Highveld's Vision: To be a highly profitable metals company and by so doing to provide long term benefits to stakeholders and the communities within which we operate.

History of Highveld Steel and Vanadium Corporation Limited

Highveld Steel and Vanadium Corporation Limited is one of South Africa's leading vertically integrated producers of steel and steel products, including rolled and flat steel products, and a limited number of finished products, such as steel cages and other enclosures. Highveld is also one of the world's largest producers of vanadium, a rare, soft, corrosion-resistant metal used to strengthen steel. The company produces vanadium products, including vanadium pentoxide and trioxide, both for the export market and for its own production of vanadium steel alloys. Through its Transalloys division, Highveld also produces manganese alloys, most of which is sold as exports. The bulk of the company's production occurs at its main Witbank-region site in Mpumalanga. The company also operates a secondary site at Gauteng. Highveld also produces its own ore for its steel and other production from a mine in Mapochs. Steel and vanadium products represented 70 percent of the group's sales of R 4 billion ($528 million) in 2002, with ferro-alloys contributing 23 percent to sales.
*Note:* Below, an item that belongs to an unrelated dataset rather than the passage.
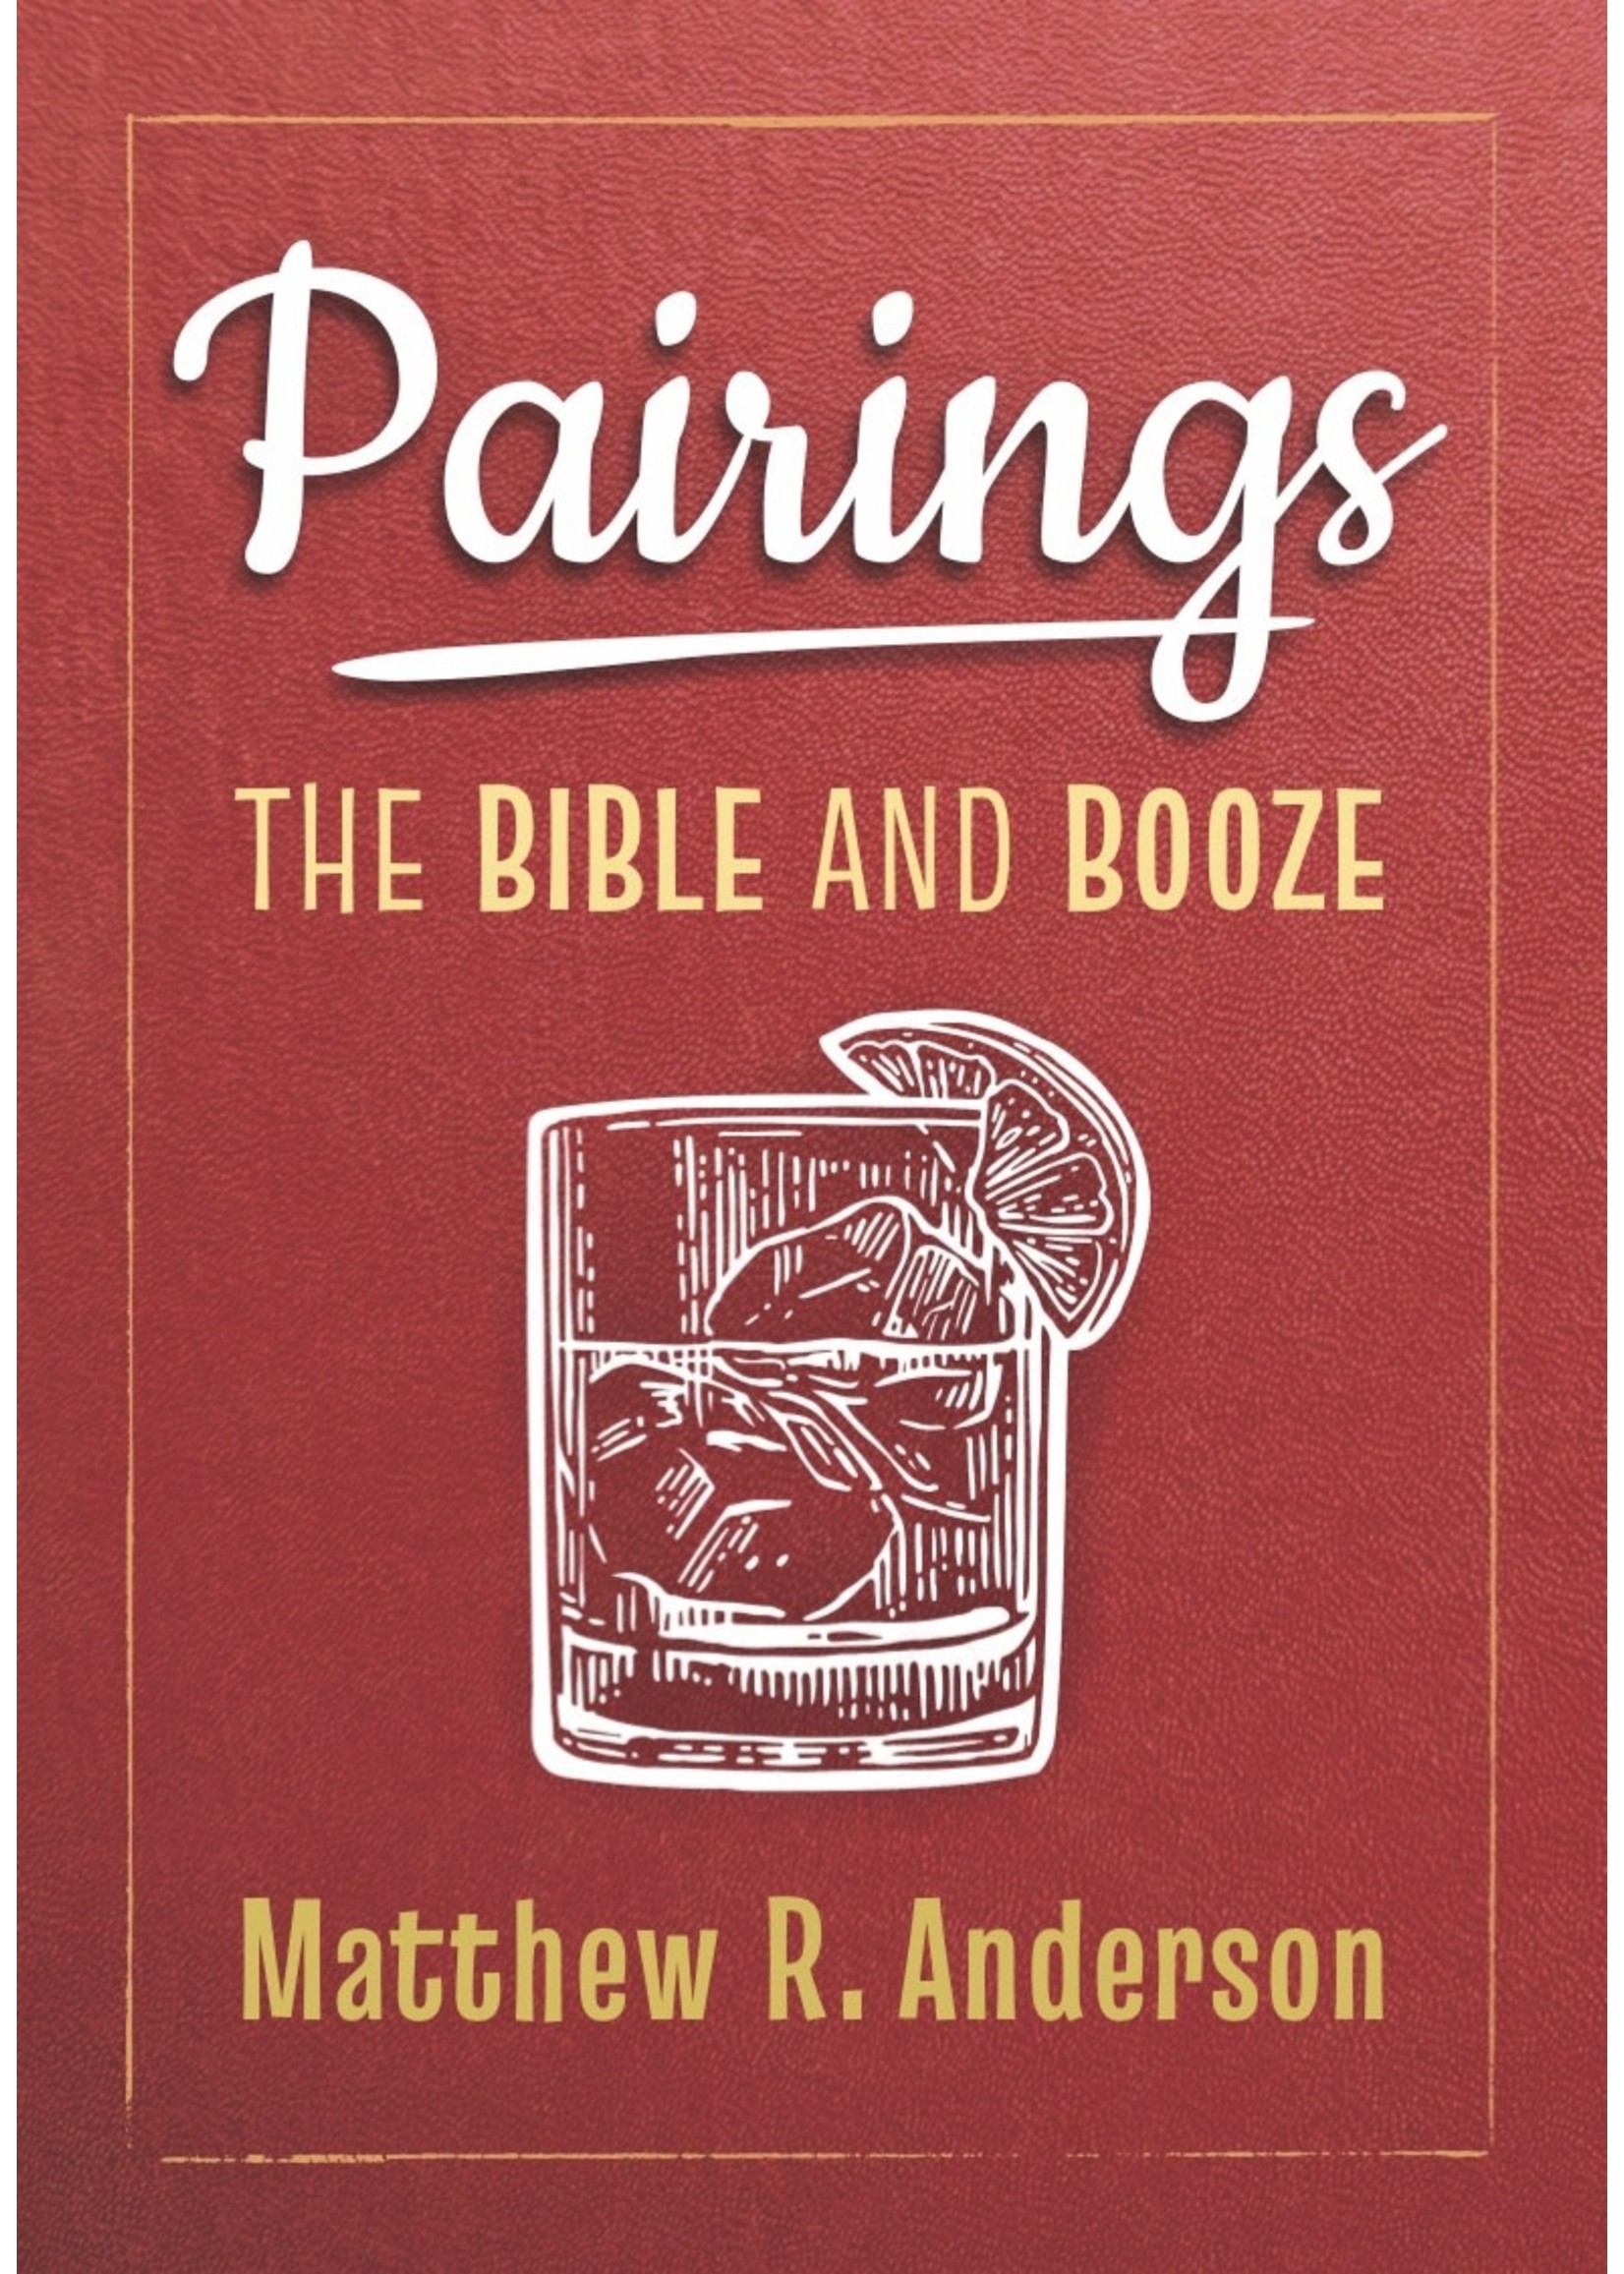 Pairings: The Bible and Booze by Matthew R. Anderson

The company has been shedding noncore businesses, including its Columbus stainless steel joint venture in 2002 and its Rheem packaging subsidiary in 2003. Listed on the Johannesburg stock exchange, Highveld is held at more than 80 percent by the Anglo American Industrial Corporation.

An Anglo Alternative to Iscor in the 1950s

In the late 1950s, South Africa's steel industry remained dominated by the South African Iron and Steel Industrial Corporation, otherwise known as Iscor. Created by the South African government in the late 1920s in part to reduce the country's reliance on imported steel, Iscor remained a government holding. With the rise to political power of the Afrikaner-controlled National Party, Iscor, previously operated by the country's English-speaking community, came under the influence of the Afrikaner community, including the secretive Broederbond. Indeed, Iscor played a role in the development of the Apartheid state, providing the steel for the country's arms production after the voluntary boycott of arms imports in the early 1960s. At the same time, Iscor became a central part of the National Party's effort to redress the balance of economic power in South Africa as well, in a largely unsuccessful attempt to place more wealth in the Afrikaner community.
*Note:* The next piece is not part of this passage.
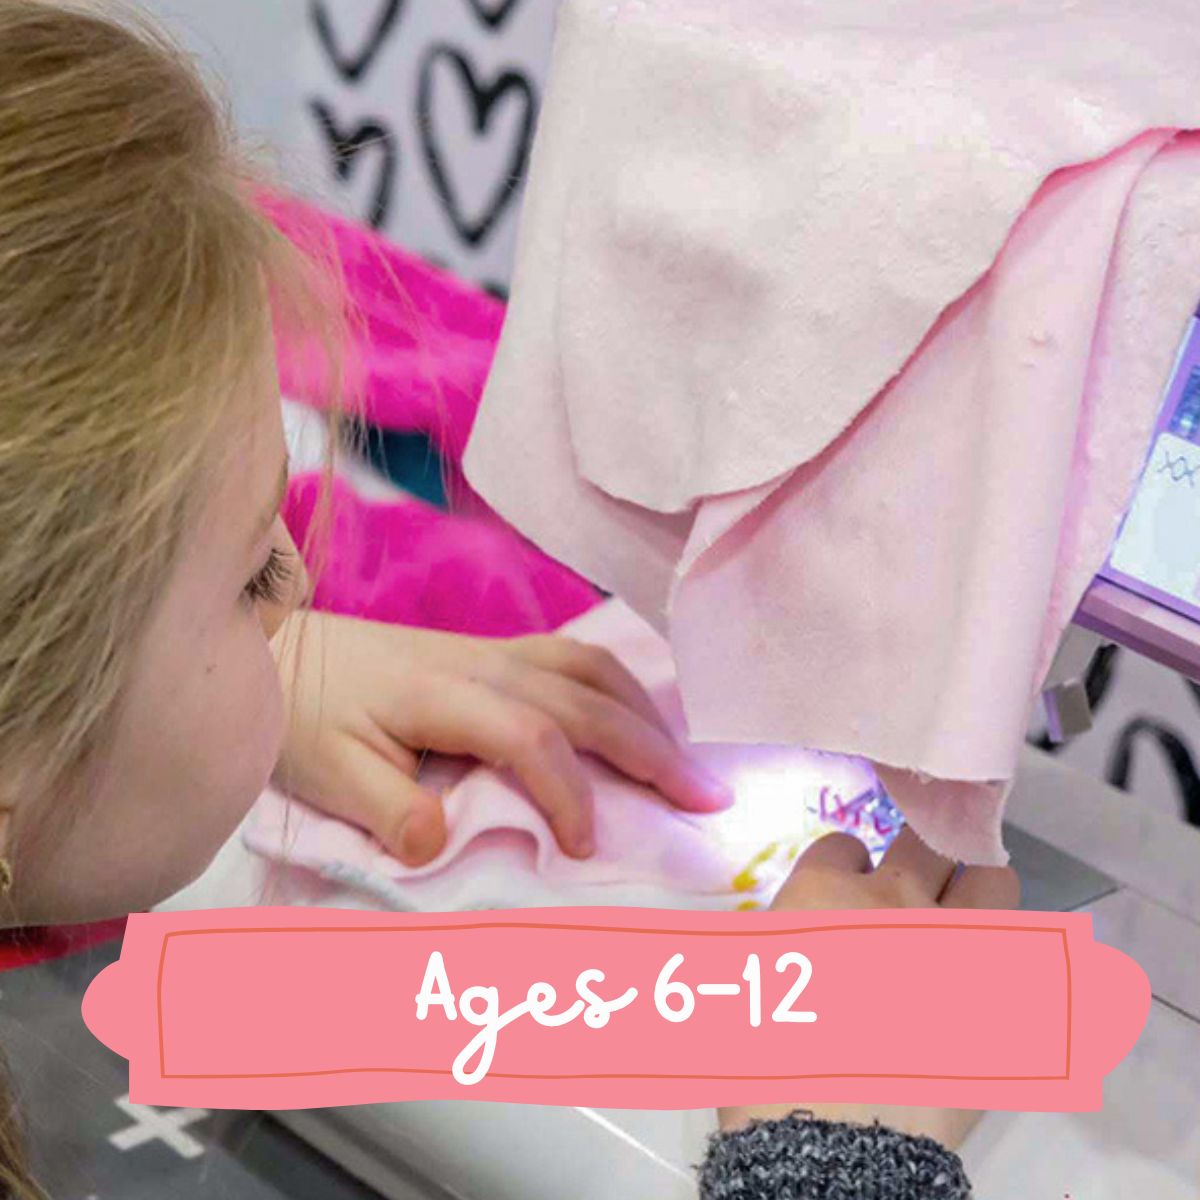 sewing and design camps for kids

By the end of the 1950s, Iscor had nonetheless been successful in meeting some 70 percent of South Africa's domestic steel needs. This dominant position made entry into the country's steel market difficult, mostly because of Iscor's decidedly Afrikaner influence. During that decade, however, a number of companies, especially foreign businesses, had entered the South African steel and steel products market, in part to gain access to the country's vast mineral wealth.
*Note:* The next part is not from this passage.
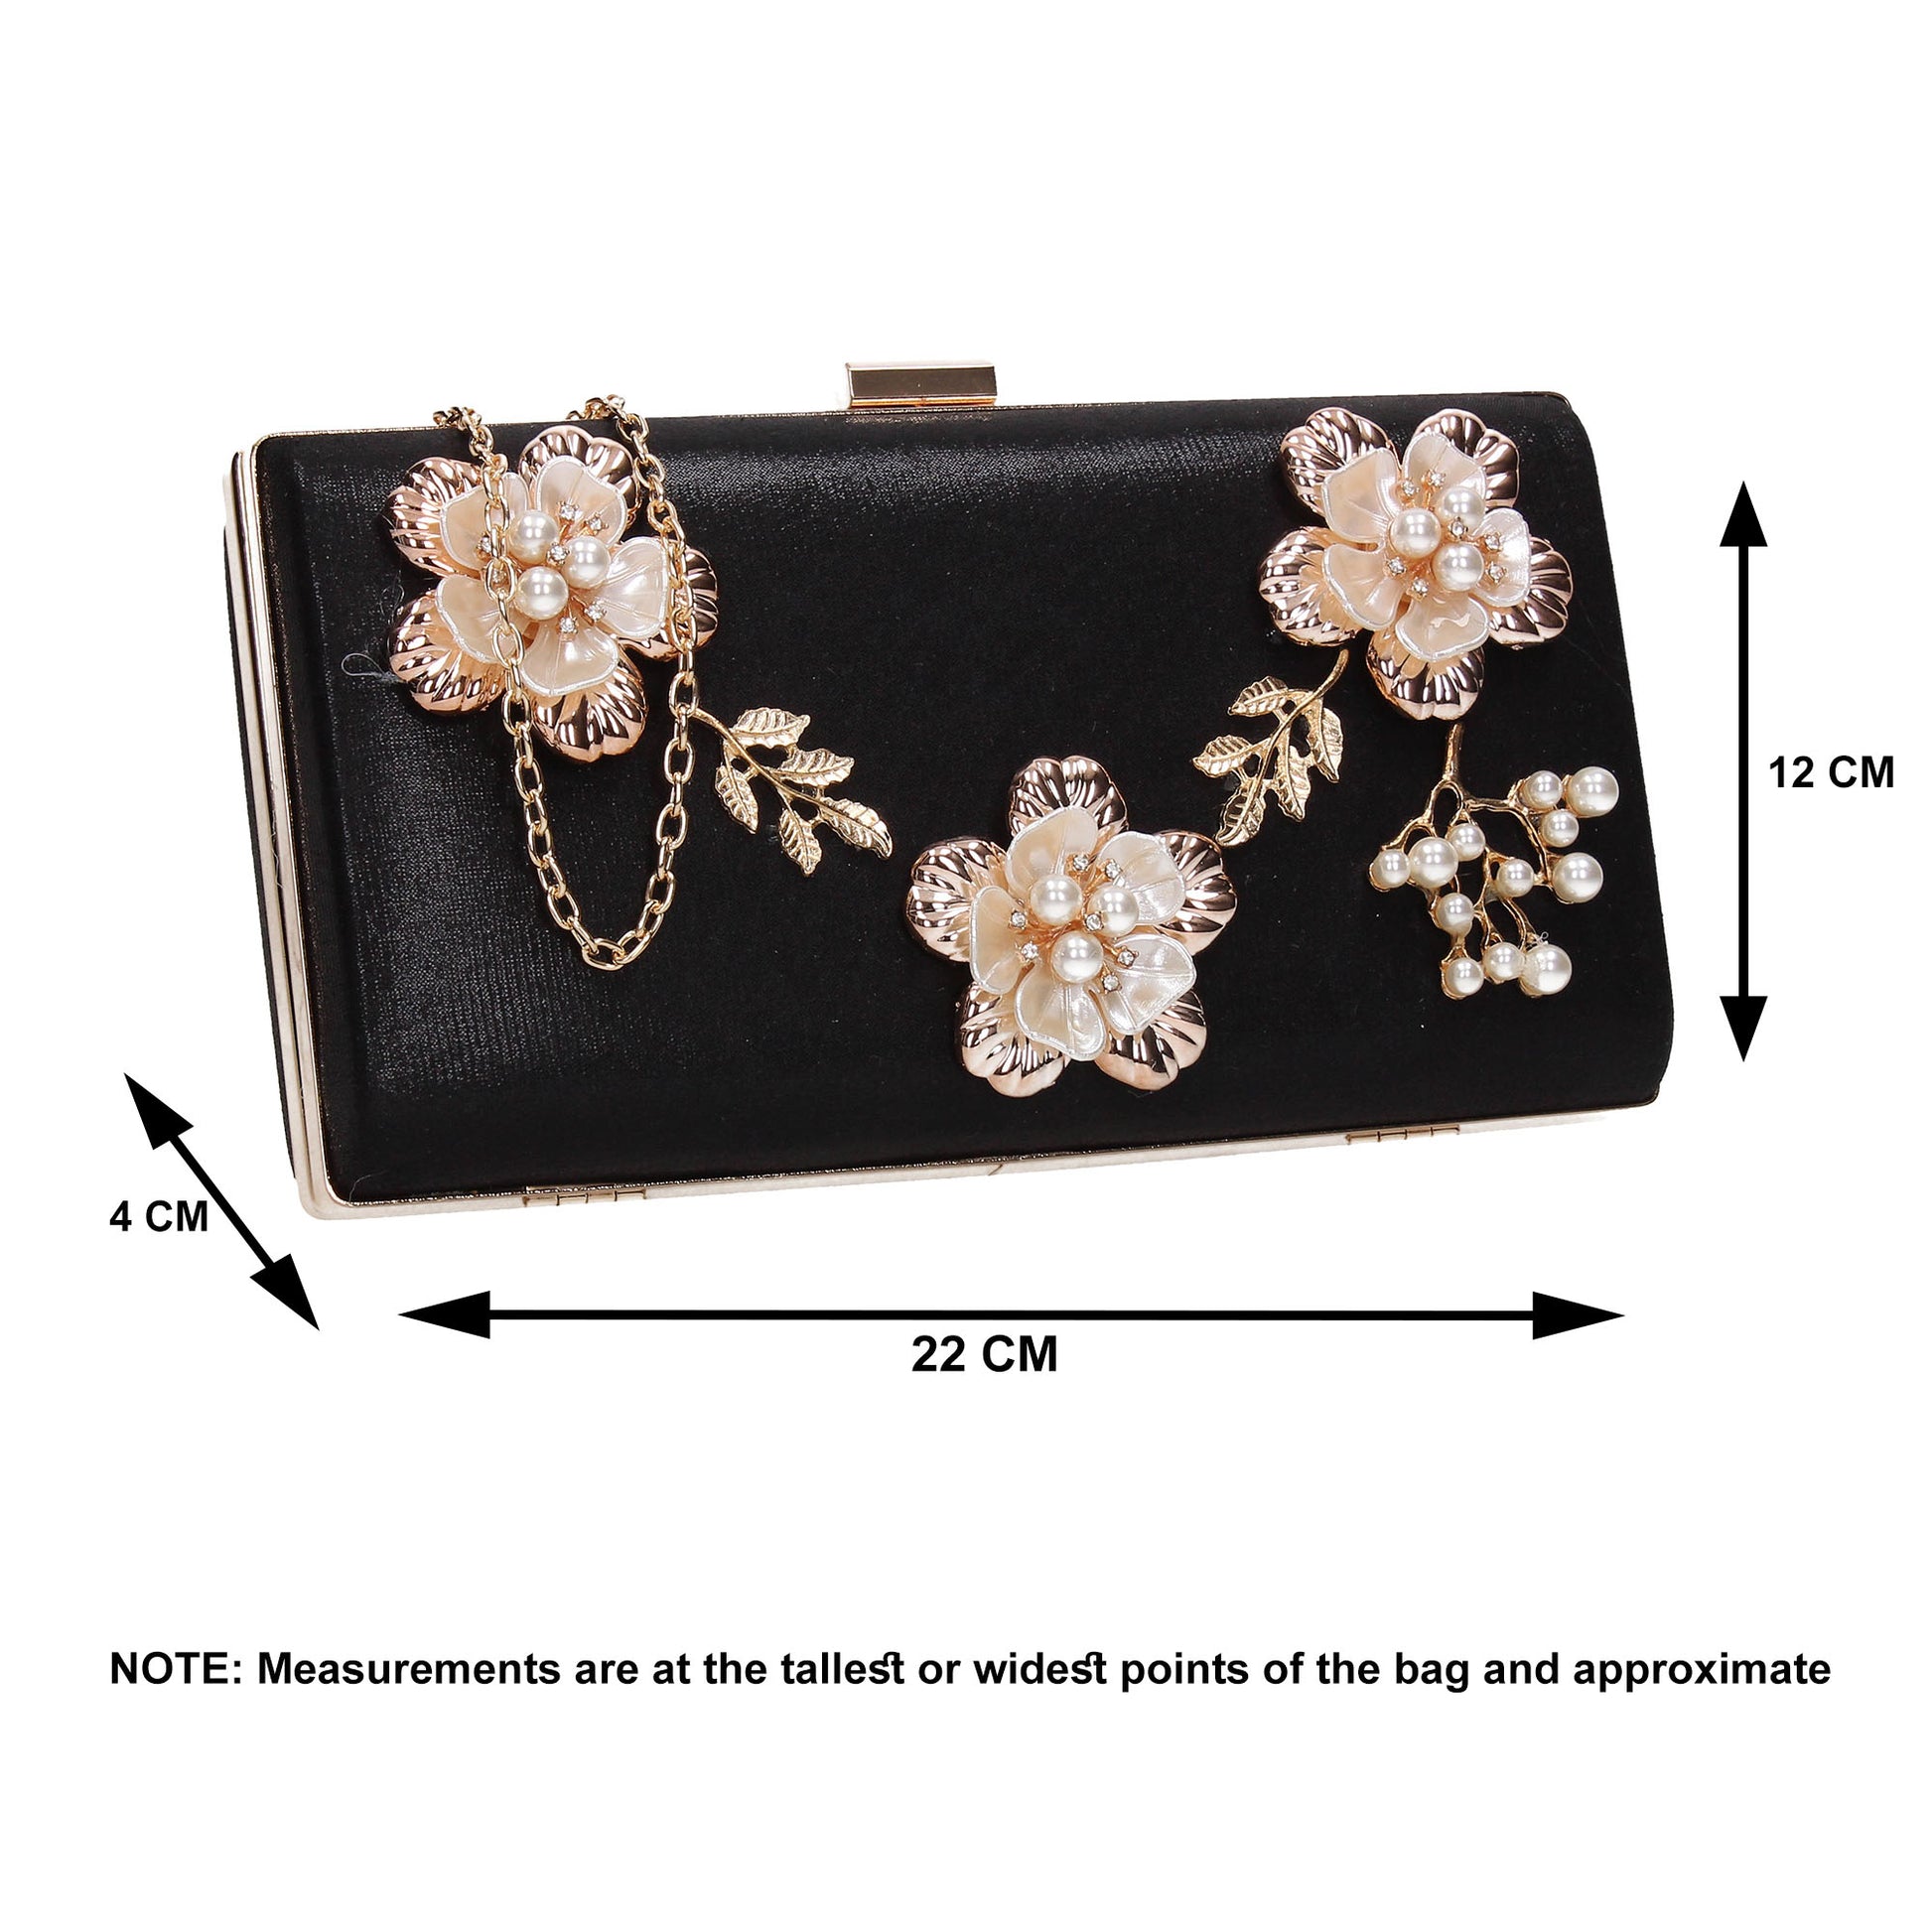 SWANKYSWANS Payton Floral Detail Clutch Bag Pink Cute Cheap Clutch Bag For Weddings School and Work

Among these companies was Minerals Engineering Co. of South Africa. A subsidiary of Minerals Engineering of Colorado, controlled by the Rockefeller family, the new company set up a plant in Witbank in 1957 to produce vanadium pentoxide. Minerals Engineering Co. targeted its production at the U.S. market. At the time, use of vanadium remained somewhat limited to highly specialized products, such as high-speed steel tools and heat-treated engineering components. The relatively small market, coupled with high production costs, led to Minerals Engineering's decision to sell off the subsidiary by 1959.

Minerals Engineering turned to Anglo American Industrial Corporation, a British-controlled company that had established itself as one of South Africa's dominant mining companies, particularly through its Orange Free State gold mines. While that operation had become profitable by the late 1950s, difficult conditions in the gold market at the time made further mining investments in the country unattractive. Instead, Anglo American sought to diversify its South African holdings, targeting an entry into steel production.

Anglo American agreed to take over a two-thirds stake in Minerals Engineering in 1959, renaming it Transvaal Vanadium Co. The British-controlled company then began investigating methods for increasing its new subsidiary's profitability. A primary target for this goal involved finding a method of recovering and exploiting the iron content discarded as waste during the standard vanadium production process of the period. At the same time, Anglo American sought a more efficient method for extracting the vanadium from its titaniferous magnetite ore, which, with a high titanium content, was difficult to process using traditional blast furnace-based smelting methods.

In 1960, Anglo American formed a new company, Highveld Development Co., for the purpose of exploring a new smelting technique using a four-stage electrical process pioneered in the late 1940s and early 1950s. Highveld built a pilot plant and began carrying out experiments in 1961 and 1962, the successful outcome of which led Anglo American to propose to build a full-scale plant at Witbank. For this, Anglo American turned to Iscor, proposing to form a joint venture, together with outside capital from a foreign steel maker, to build and operate the new plant.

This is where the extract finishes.